What a packet is — and is not
- It is a self-describing summary: recommendation, score band, risk drivers, evidence references, data-freshness stamps, generation time, and WalletWall’s boundary statements embedded in the data itself.
- It is not an endorsement, attestation, or certification of the wallet it describes, and it is never a custody, insurance, or return claim. Readiness signals are research heuristics. A packet with a missing score honestly reads “insufficient evidence” — never zero.
- Boundary statements are non-strippable: a payload without them is rejected as invalid by the packet page.
The privacy model
Everything after the# is a URL fragment. Fragments are never sent in HTTP
requests, so the packet content — including the wallet address — never reaches
WalletWall’s servers, CDN logs, or analytics when a link is opened. Analytics
page-view URLs additionally redact any payload-sized fragment. Sharing a link is
still publishing: anyone holding it can read the packet. A “share without
address” variant is issued separately for redacted sharing.
Two independent checks
Every issued packet carries two verifiable properties: 1. Integrity — the content hash (evidence.reportHash).

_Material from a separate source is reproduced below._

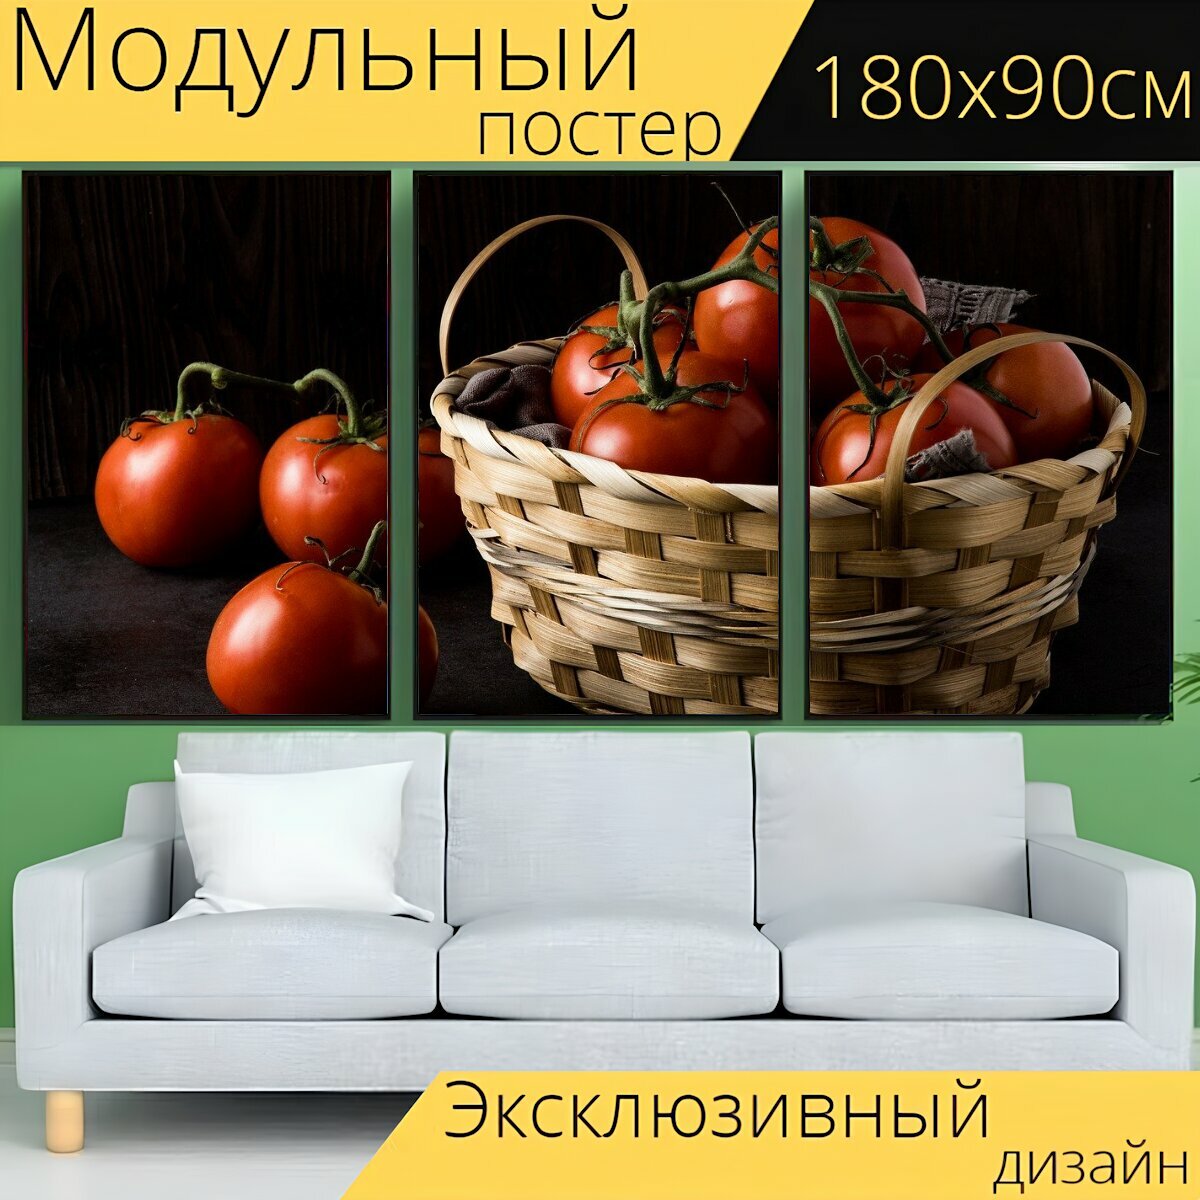 Модульный постер "Помидоры, корзина, овощи" 180 x 90 см. для интерьера

SHA-256 over the packet’s canonical JSON: recursively key-sorted, no
insignificant whitespace, with evidence.reportHash set to null and the
issuerSignature field removed before hashing. To verify independently:
download the packet JSON, apply those two exclusions, canonicalize, hash, and
compare. A mismatch usually means a truncated link — ask for the JSON file.
2. Authenticity — the issuer signature (issuerSignature).
An ECDSA P-256 signature over the same canonical bytes (with only
issuerSignature removed), created by WalletWall’s server when it derived the
packet from its own scheduled data. Verify against WalletWall’s published
packet-signing public key. The hash alone proves a link wasn’t corrupted;
only the signature proves WalletWall issued the content. The packet page
renders the full presentation only when the signature verifies — unsigned
or altered payloads get a warning and the raw JSON, nothing more.